** Opening DATASET EXCERPT block **
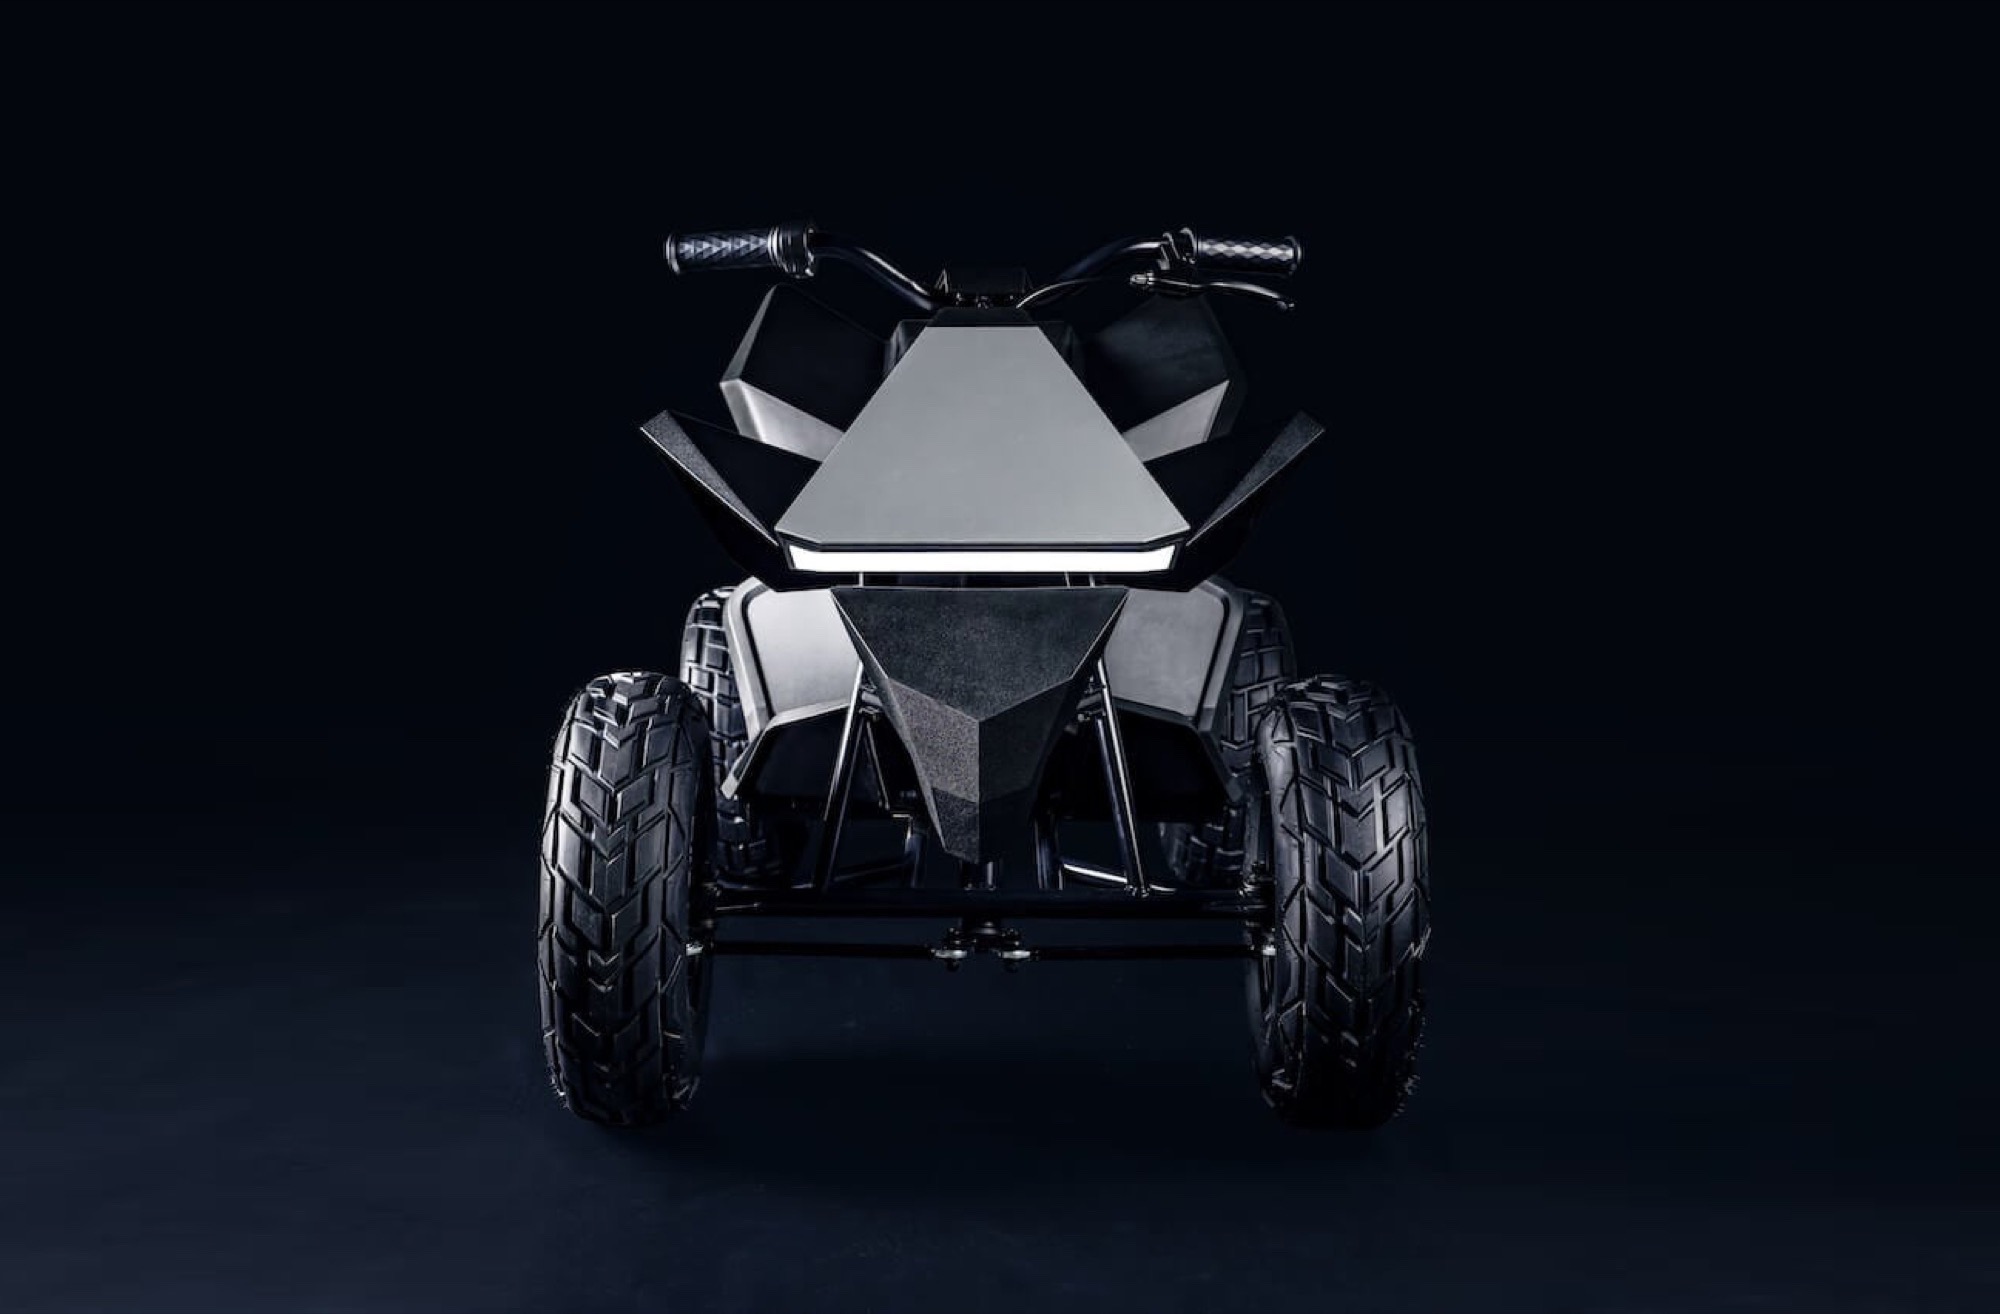 log Aktiv spejl Cyberquad: Tesla presents an electric quad bike with a 10 mph top speed -  NotebookCheck.net News
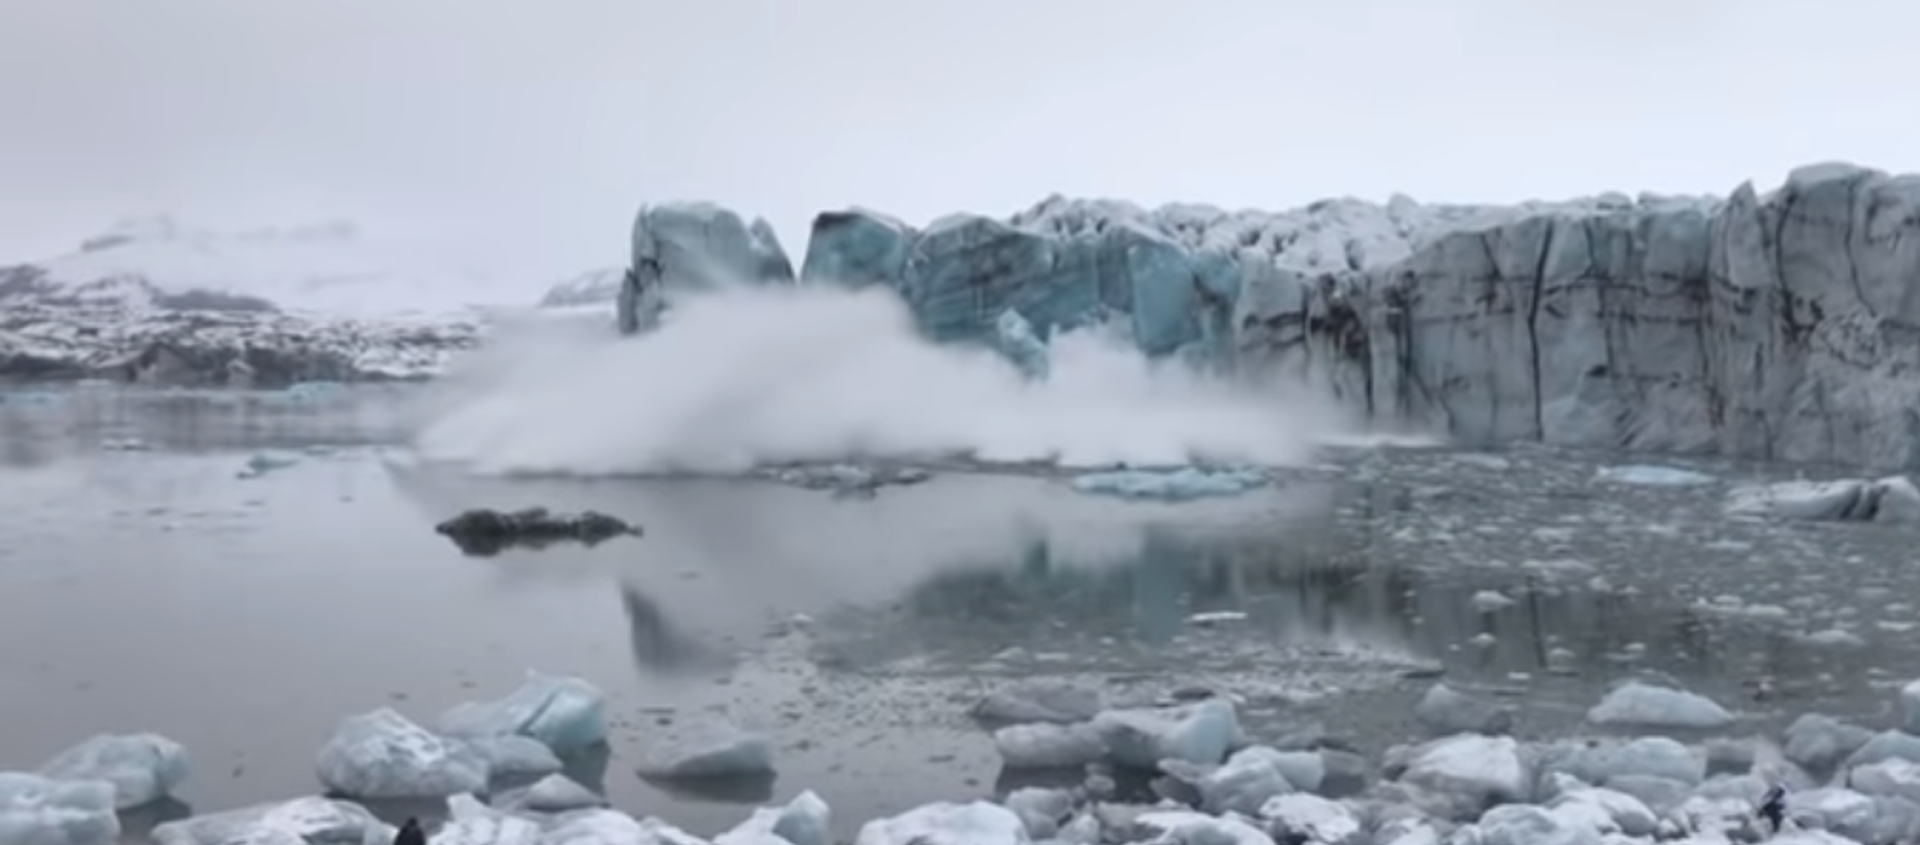 Turistas huyen en pánico tras el colapso de un enorme glaciar en Islandia - Sputnik Mundo, 1920, 02.04.2019
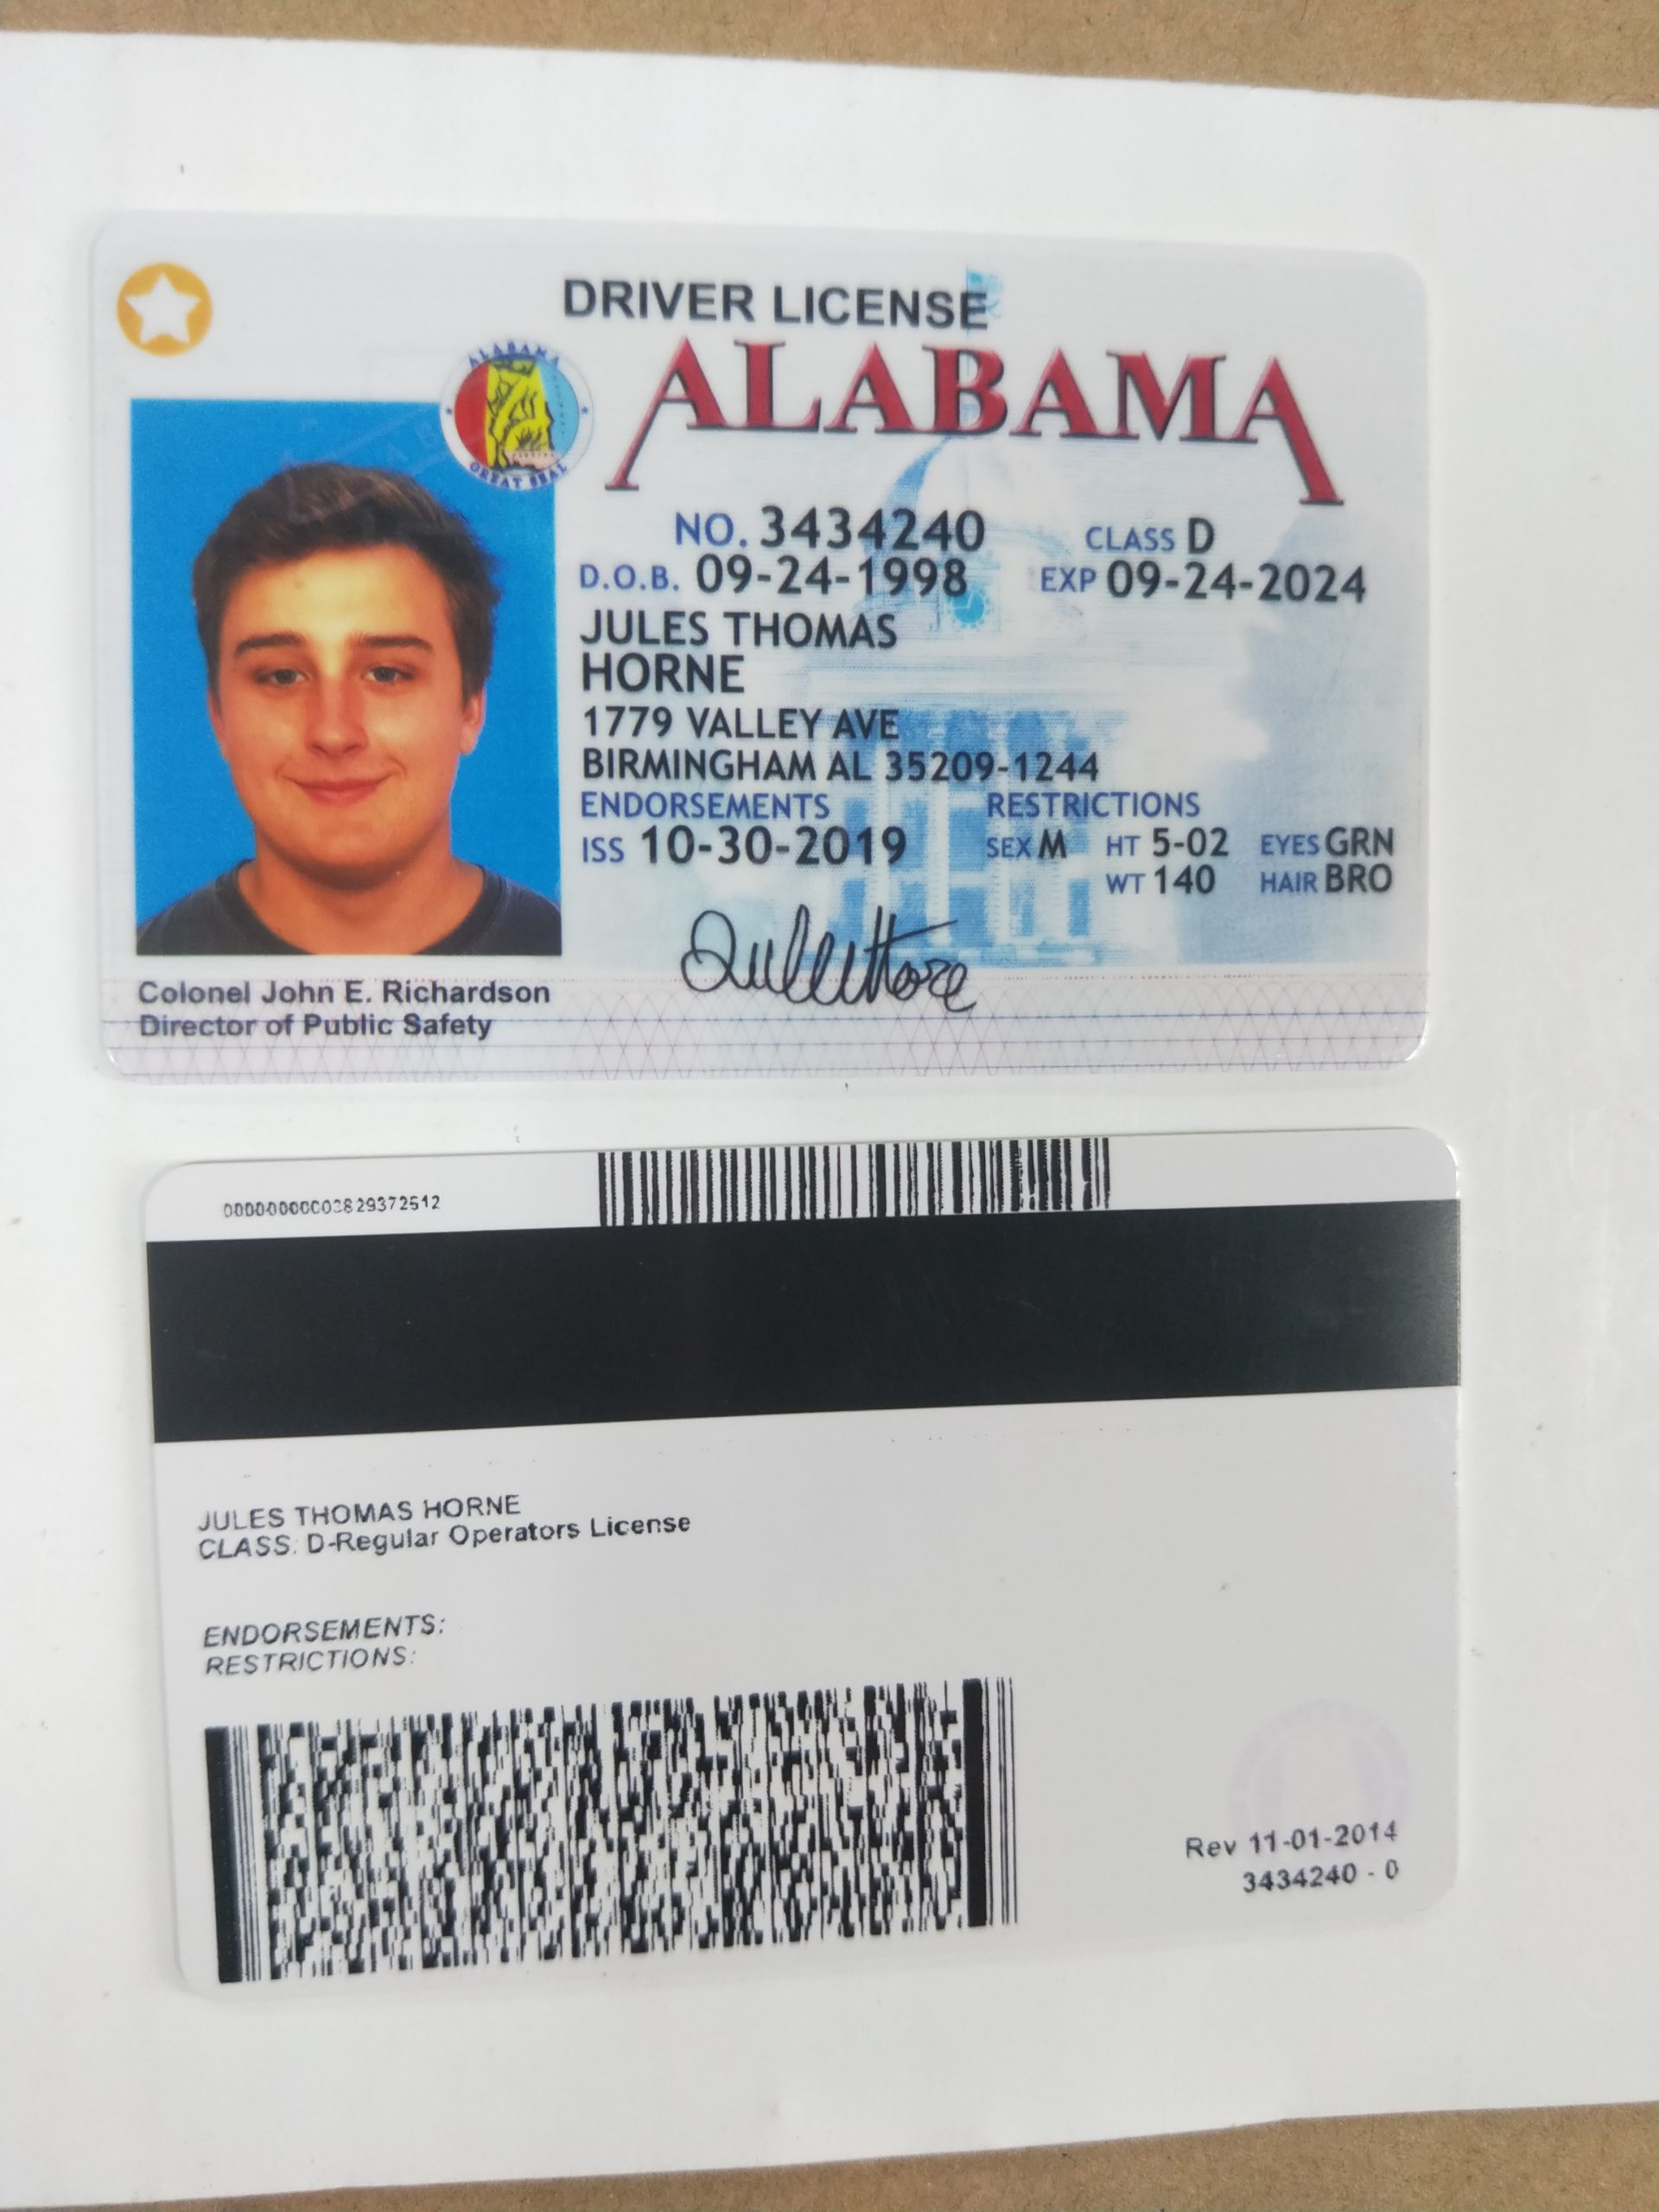 fake alabama drivers license template
** Closing DATASET EXCERPT block **
Only the lines from the one with "Turistas huyen en" through the last line above belong in the answer. Reproduce them exactly, without the pictures.

▶ **OUTPUT FOR THIS EXERCISE**
 Turistas huyen en pánico tras el colapso de un enorme glaciar en Islandia - Sputnik Mundo, 1920, 02.04.2019
 fake alabama drivers license template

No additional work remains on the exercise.